The Bank of England is launching a review into the £1.2 trillion open-ended fund market in a bid to safeguard financial stability in the wake of the Neil Woodford scandal, it said today.
Fallen stockpicker Woodford gated his £3.7 billion flaship Equity Income Fund, stuffed with illiquid smaller companies, to withdrawals last month, trapping thousands of investors.
The Bank and the Financial Conduct Authority are set to examine short-notice withdrawals from funds where investment assets such as commercial property can’t be sold quickly at the market price.
The Bank’s financial policy committee, chaired by Governor Mark Carney, said “the mismatch between redemption terms and the liquidity of some funds’ assets has the potential to become a systemic issue”.
Its Financial Stability Report noted major redemptions early this year amid Brexit uncertainty. Alongside Woodford, a bond fund run by asset manager H2O also sparked concern after billions of dollars worth of withdrawals in a matter of days.

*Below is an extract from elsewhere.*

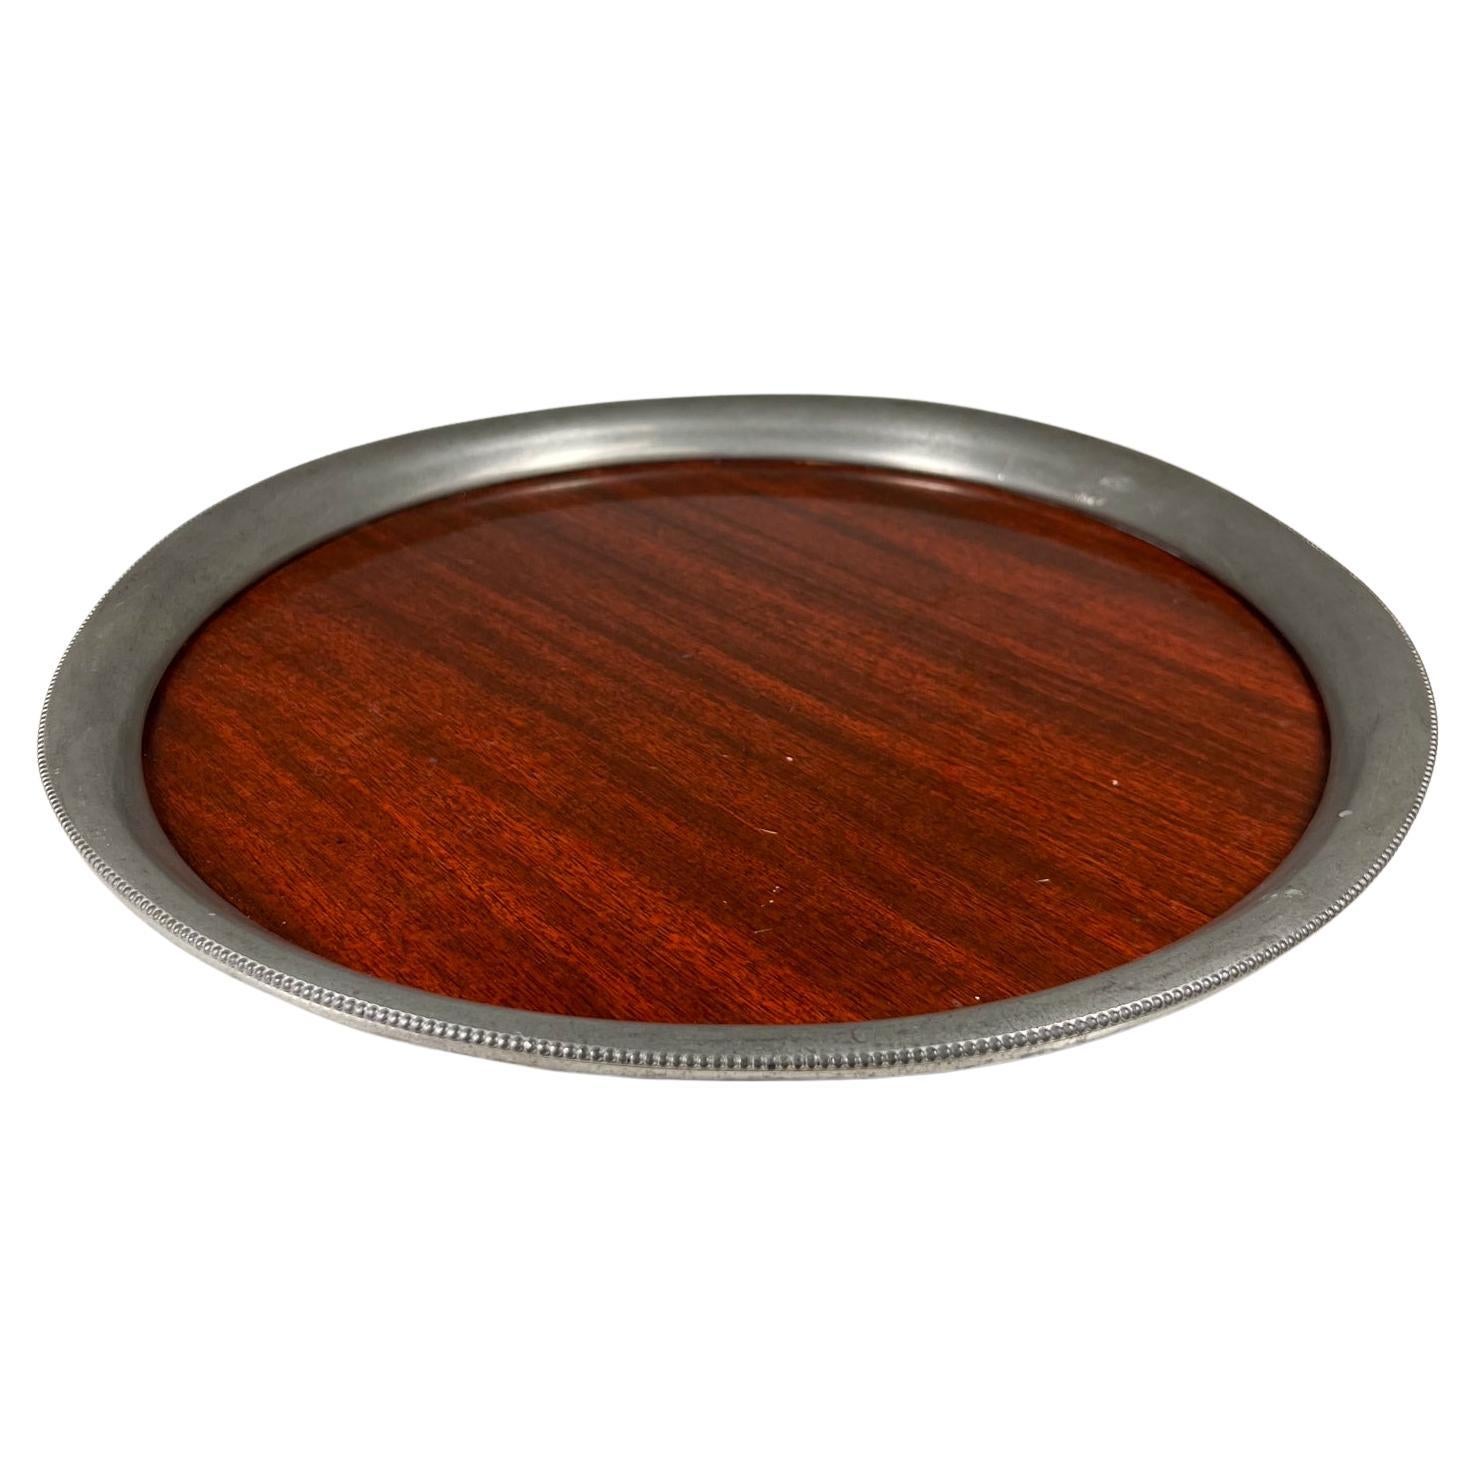 1970s Modern Vintage Revere Pewter Serving Tray Plate in Faux Wood

The central bank and the FCA will look at the “costs and benefits of aligning redemption terms, including pricing and notice periods, with the typical time it takes to realise market prices for funds’ assets in normal and stressed market conditions”. Options could involve banning one-day withdrawals in some cases to avoid a run on the funds.
The Bank added that daily redemptions can give an “incentive for investors to redeem when they expect others to do so”, creating a “self-reinforcing dynamic” which can lead to so many investors rushing to redeem that funds have no choice but to suspend all withdrawals”.
The mere fear of possible suspension also reinforces the incentive to withdraw funds, it added.
Threadneedle Street’s financial stability report noted UK banks hold enough capital to cope with a simultaneous disorderly no-deal Brexit and global trade war, but added that the “perceived likelihood” of a no-deal Brexit had increased since the start of the year.